Потом к ним подъехали два бронеавтомобиля – страшное оружие в уличном бою! – и навели пулемёты на бараки самокатчиков. И стояли так.
Бросаться на них штурмом – будут потери.
Да не начинать же самим.
А тут подошёл и третий броневик.
Эх, не ушли ночью!
Кричали – сдаваться.
Самокатчики молчали.
И тогда – те стали бить из пулемётов.
И – нечем было закрыться! – беззащитные мишени, в любой точке ожидающие пуль. В каждом бараке появлялись раненые и убитые.

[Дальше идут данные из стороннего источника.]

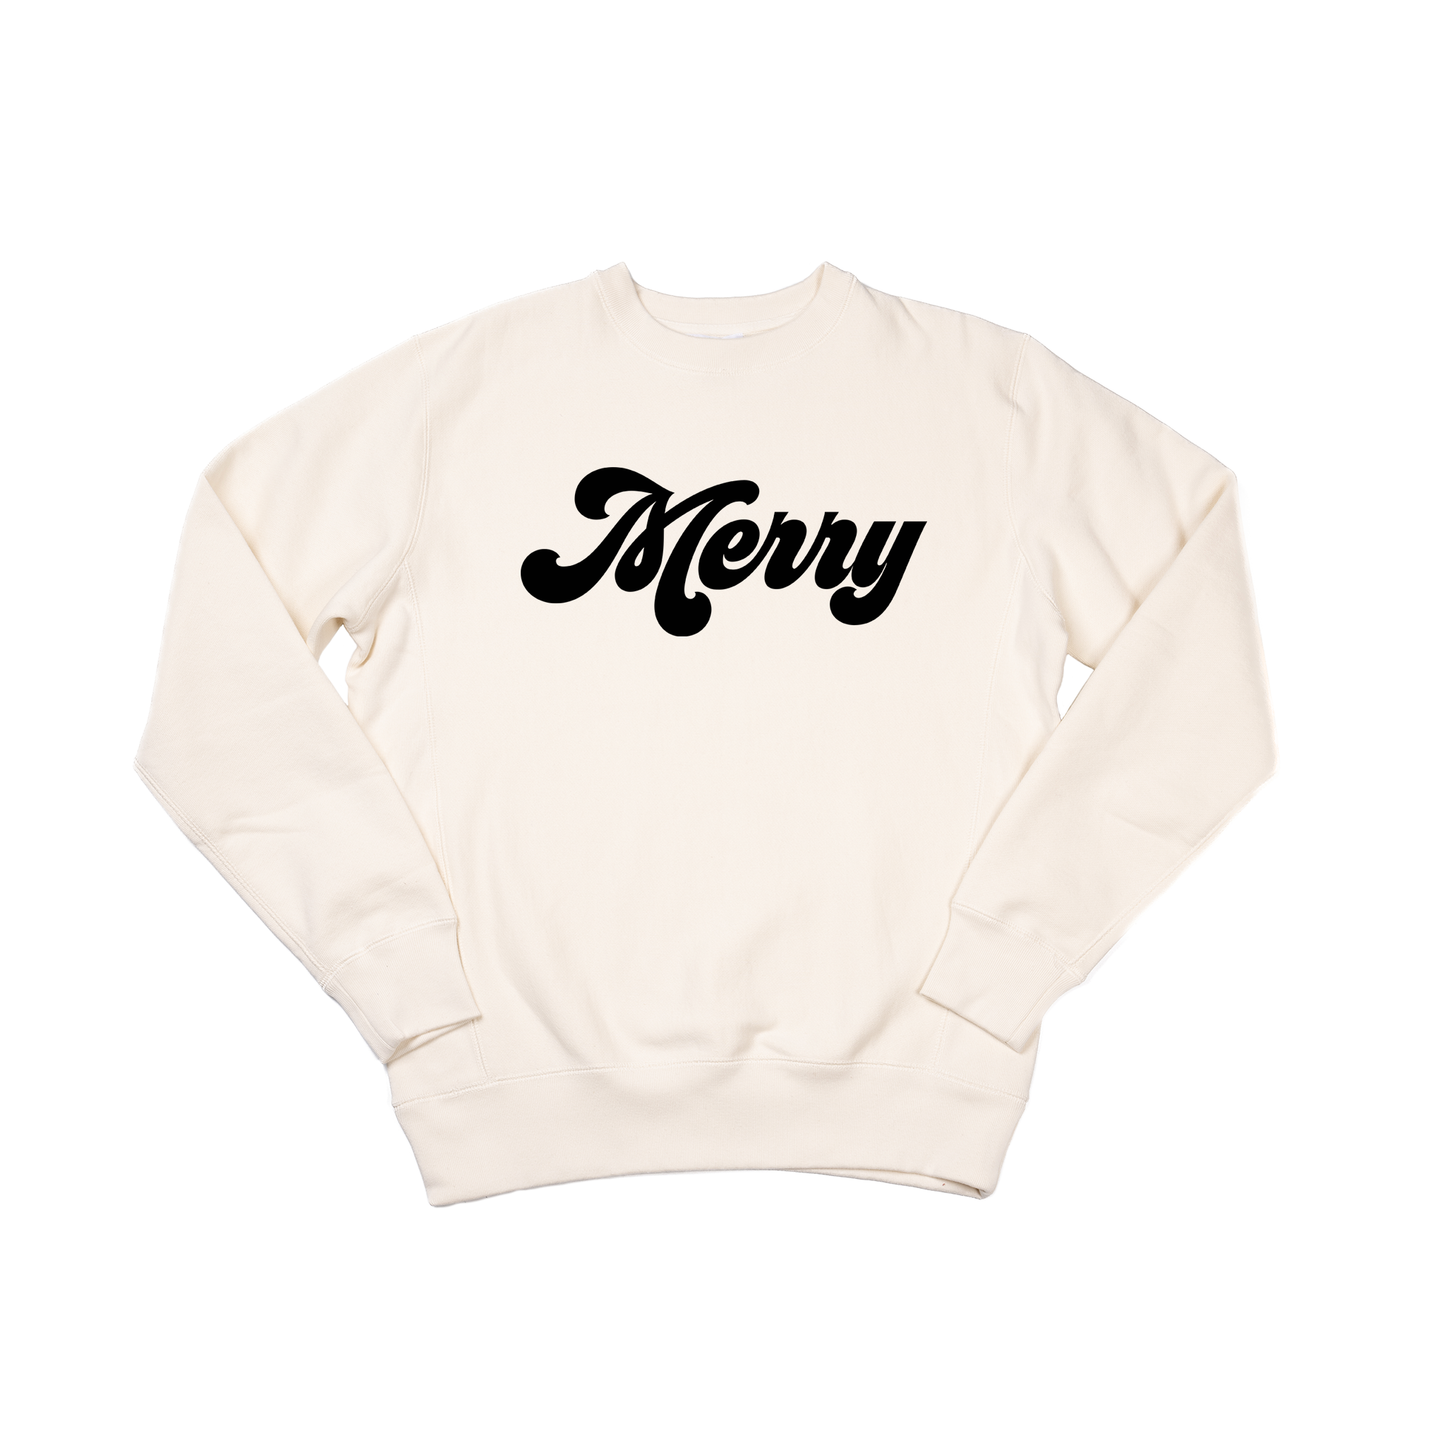 Merry (Retro, Black) - Heavyweight Sweatshirt (Natural)
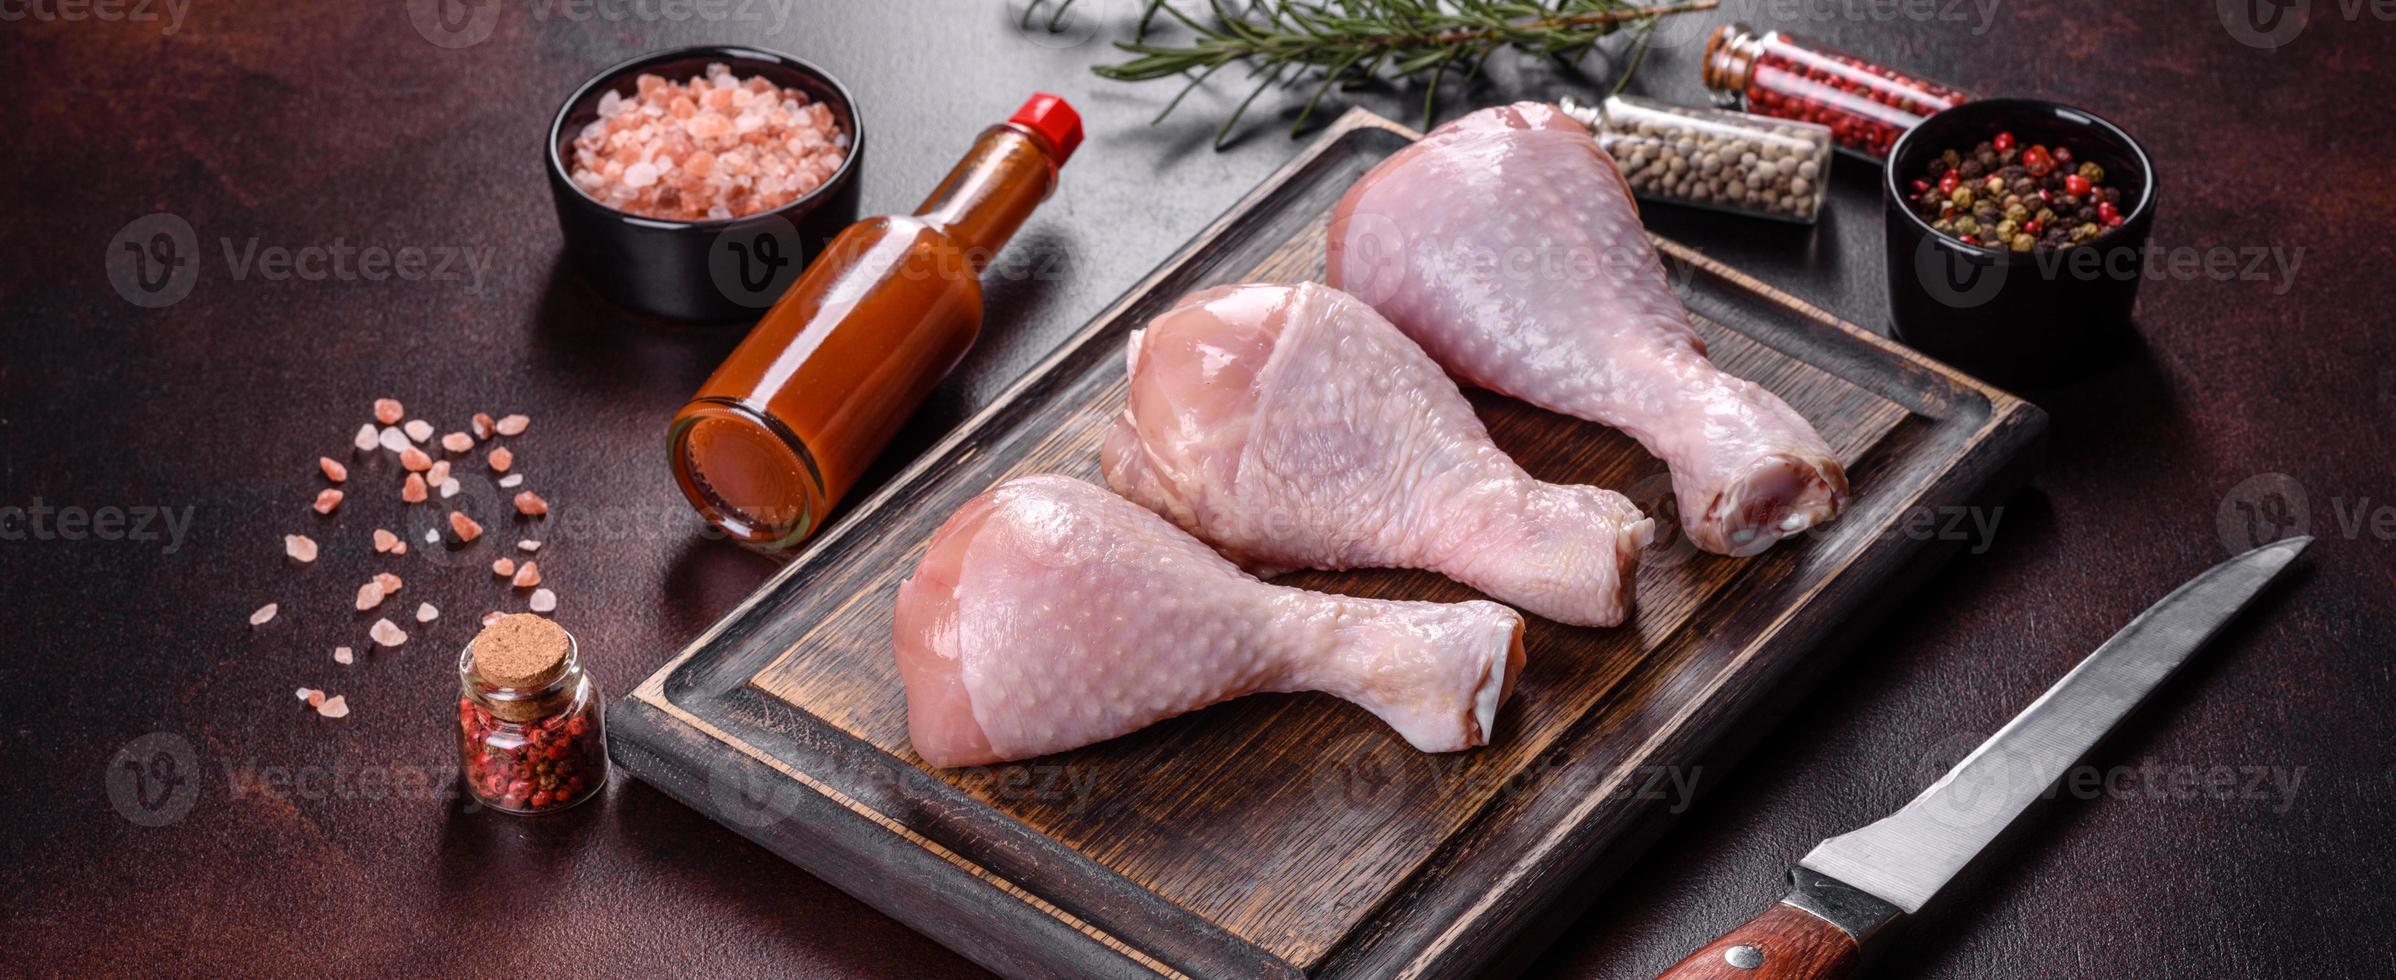 färska råa kycklinglår med kryddor, salt och örter på en skärbräda foto

Зато и свои шесть пулемётов отвечали в окна и в щели, тоже неприкрытые, привлекая на себя огонь. Начальник пулемётной команды капитан Карамышев и сам стрелял, и кого-то посек.
И перевязывать раненых нечем было, ни к какому бою здесь никогда не готовились, и эвакуировать некуда. Так лежали – и домучивались.
И всё же простоял батальон на такой перестрелке. Мятежники замолчали. Стихло.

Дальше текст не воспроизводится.